According to MFS Investment Management’s Jamie Harrison, ETFs involved in increasingly complex derivatives and less transparent markets may be in uncharted territory when it comes to violent downturns.

“Those would be something that you’d want to keep an eye on as volatility ramps up,” the firm’s head of ETF capital markets told CNBC’s “ETF Edge” this week. “As innovation continues to increase at a rapid pace within the ETF wrapper, [it’s] definitely something that we advise our clients to be really front-footed about… Lack of transparency could absolutely be an issue if we’re going to start seeing some deep sell-offs.”

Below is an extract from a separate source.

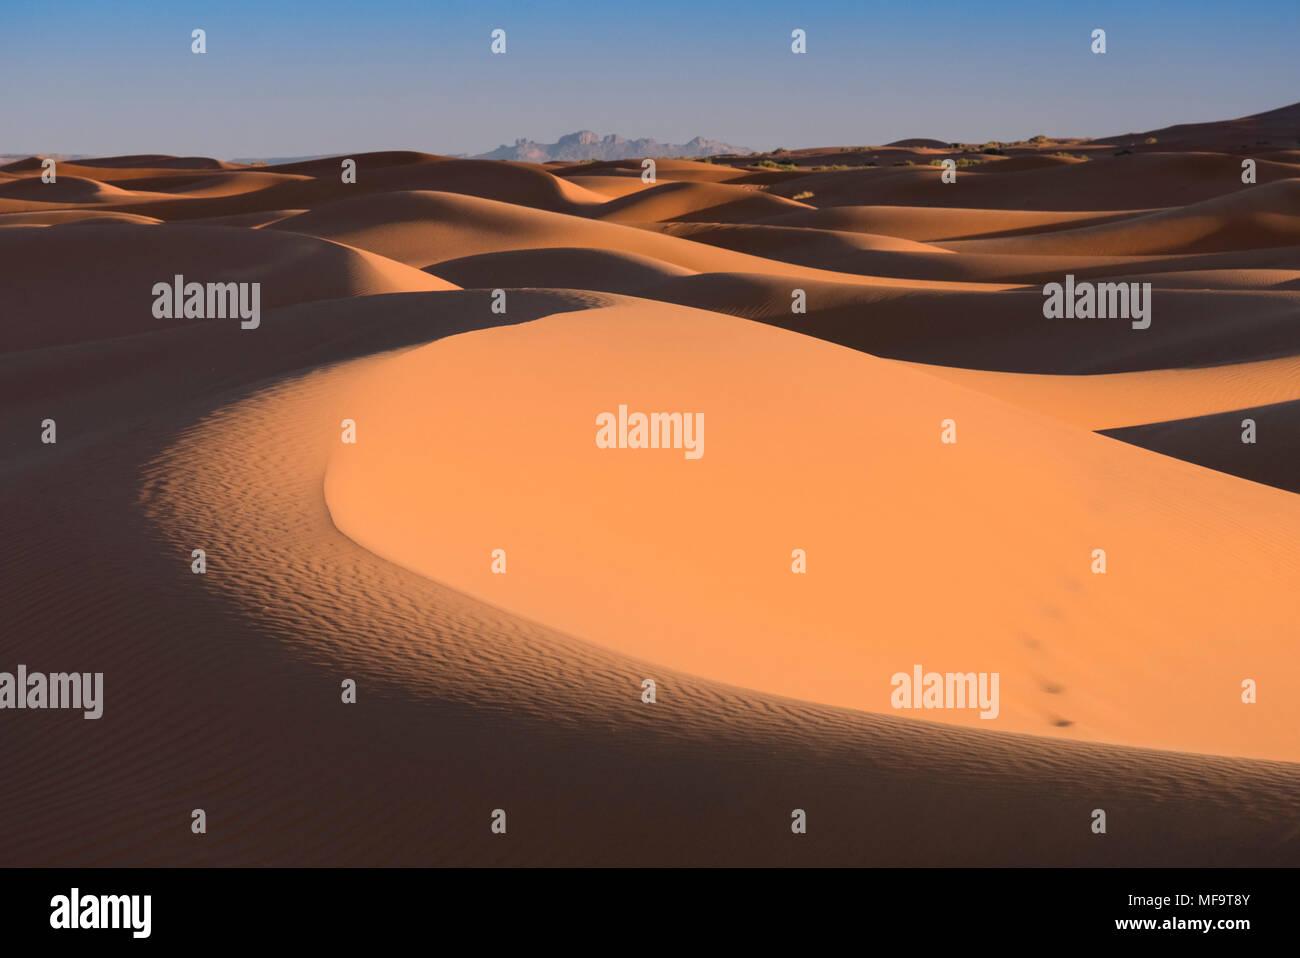 Mar de arena, dunas de Erg Chebbi : Desierto, el Sáhara Occidental, Marruecos Imagen De Stock
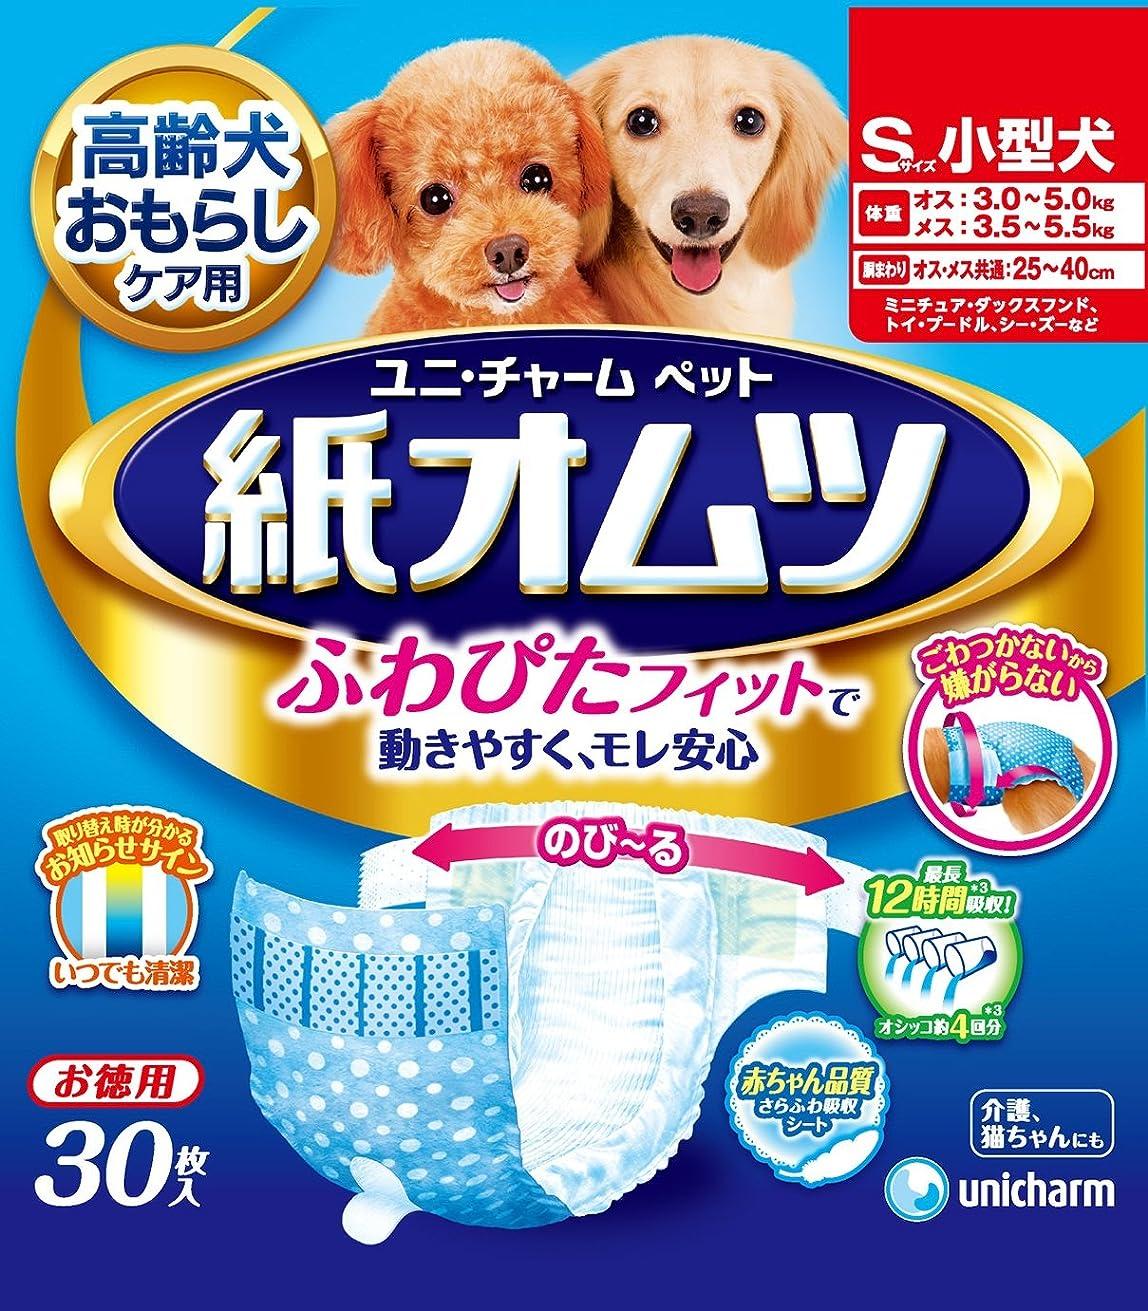 湿地縮れた仲間ペット用紙オムツ Sサイズ 小型犬 30枚

His firm has been around since 1924 and is known for inventing the open-end mutual fund. Last year, ETF.com named MFS Investment Management as the best new ETF issuer.

“It’s important to do due diligence on the portfolio,” he said. “Having a firm that has deep partnerships, deep bench of subject matter experts that plays with the A-team in terms of the Street and liquidity providers available [are] super important.”

Liquidity as the real issue?

Harrison suggested the real issue is liquidity, particularly during a steep sell-off.

“We’ve all seen the news and the headlines around potential private credit ETFs. That picture becomes much more murky,” he added. “It’s up to advisors, to investors [and] to clients to really dig in and look under the hood and engage with their issuers.”

He noted investors will have to ask some tough questions.

“What does this look like in a 20% drawdown? How does this liquidity facility work? Am I going to be able to get in? Am I going to be able to get out? And if I’m able to get out, am I able to get out at a price that’s tight to NAV [net asset value], and what’s the infrastructure at your shop in terms of managing that consideration for me,” said Harrison.

Amplify ETFs’ Christian Magoon is also concerned about these newer ETF strategies could weather a monster drawdown. He listed private credit as a red flag.

“If your ETF owns private credit, I think it’s worth taking a look at, kind of what the standards are around liquidity and how that ETF is trading, because that should be a bit of a mismatch between the trading pace of ETFs and the underlying asset,” the firm’s CEO said in the same interview.

Magoon also highlighted potential issues surrounding equity-linked notes. The notes provide fixed income security while offering potentially higher returns linked to stocks or equity indexes.

“Those could potentially be in stress due to redemptions and the underlying credit risk. That’s another kind of unique derivative,” Magoon said. “I would very closely look at any ETF that has equity-linked notes should we get into a major drawdown or there be a contagion in private credit or something related to the banking system.”